Again they went forward. Midos Ken was in the lead, picking a way through the absolute darkness with the aid of his marvelous hearing. By listening to the reflected sounds, or echoes, he could guide them surely forward, avoiding the boulders that scattered the rugged boulder field. Don Galeen came behind him. And then Thon, leading Dick by the hand.
They had to travel nearly two miles through that utter midnight, to reach the cone. Dick had no way of measuring the time that passed. But it seemed to him that they spent ages stumbling forward in the darkness.
Then abruptly Midos Ken stopped them with a low word.
“We have reached the
edge of the cone,” he whispered. “The darkness ends in a sheer wall. Beyond is frozen blue light, with the monsters floating in it—the Things of Frozen Flame!
“I walked into it, felt the cold of it before I could draw back.
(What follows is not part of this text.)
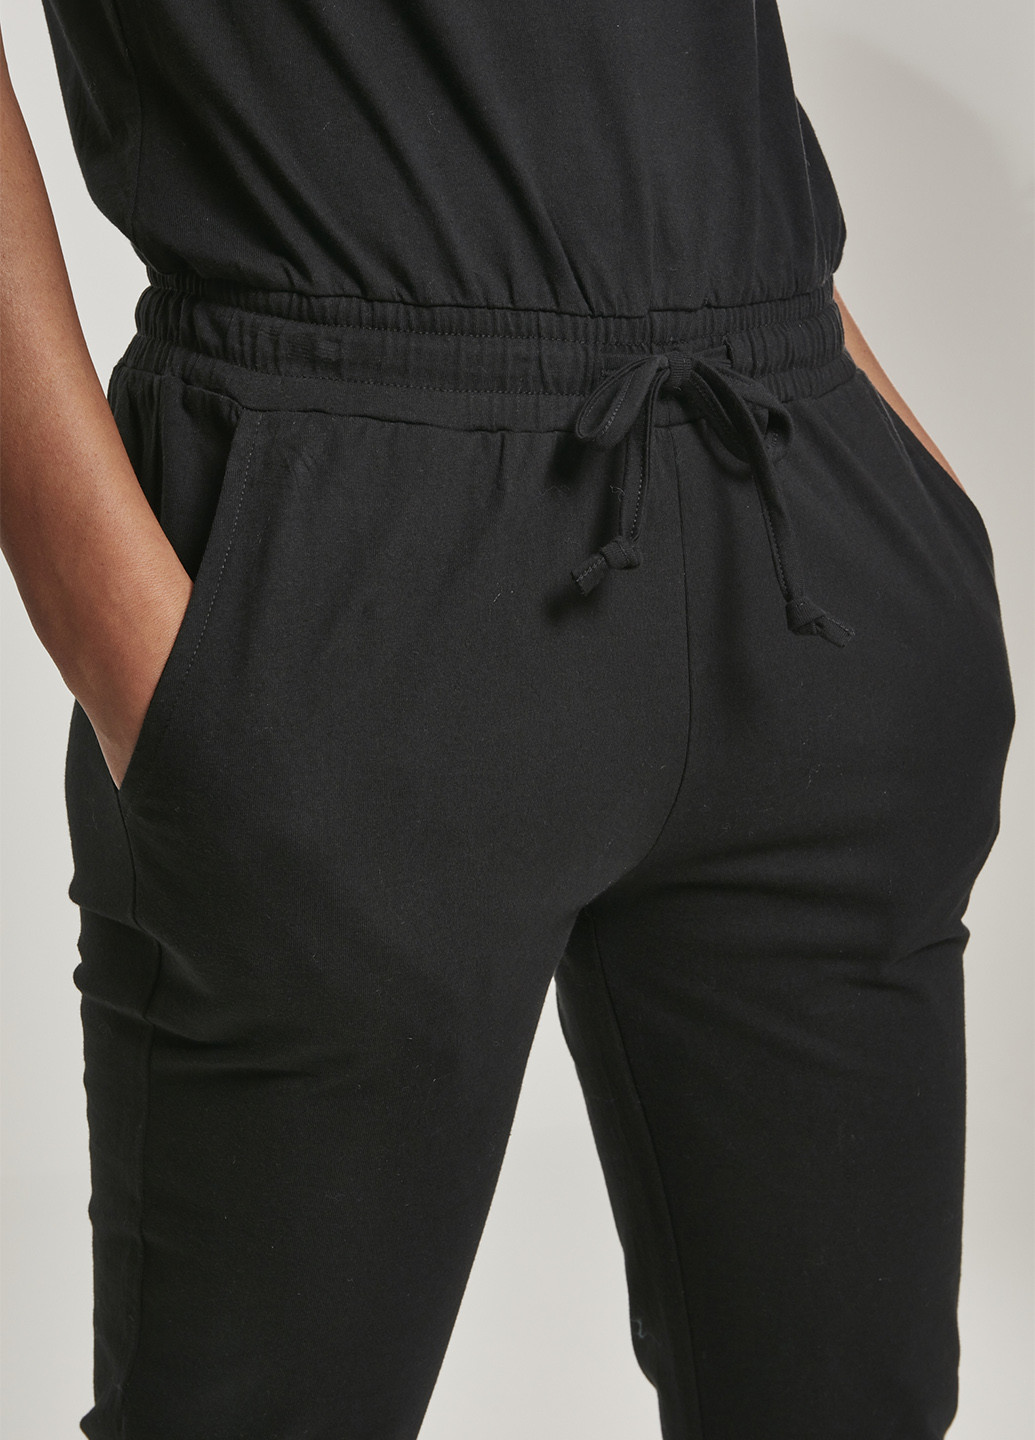 Комбинезон Urban Classics комбинезон-брюки однотонный чёрный кэжуал хлопок

Step forward, one of you, and see if I am not right.”
Dick stepped quickly forward, Thon’s hand still clasped with his.
Indeed, he stepped out of the rayless blackness, into a vast space filled with cold blue light. A cone of chill, azure radiance. He could see the curved opposite side—a wall of utter darkness—half a mile across it. And the point, a mile above.
It was a hollow cone of light, as if a dead-black liquid had been poured over a transparent cone of glass, in which a blue light was shining.
Its floor was of rough, black volcanic lava, burned, cracked and twisted, scattered with huge, fire-glazed boulders and broken with the yawning black holes of lifeless fumaroles.
The Things of Frozen Flame, apparently, lived wholly above the ground. They had no need, it seems, to smooth its surface, to make floors or roads.
Dick saw a score of them, floating in the chill blue light, a thousand feet above the rock floor of the cone—long, worm-like bodies, glittering, green, semitransparent, with frail, prismatically glistening wings, and huge eyes, scarlet and malignant.
STRANGE sensations came upon him when he stepped through that wall of blackness into the cone. He felt bitter, numbing cold biting into his body. He felt a reeling, dizzy sensation of falling, so that he could hardly stand erect.
This vast space of chill blue light, with the writhing, worm-like monsters of icy fire floating in it, was, he knew, connected with the hideous dreams he had experienced-dreams of dizzy, endless falling among writhing, clinging things that sucked out his life.
“Here is the detector,” came Thon’s low voice through the black wall of the cone. “Look at the red needle that points to the thing we are after.”
Her white hand, clad in rosy flame, appeared through the gloom. Grasped in it was the tiny, compass-like device, with the scarlet needle. He balanced it upon his hand. The needle pointed toward the center of the cone.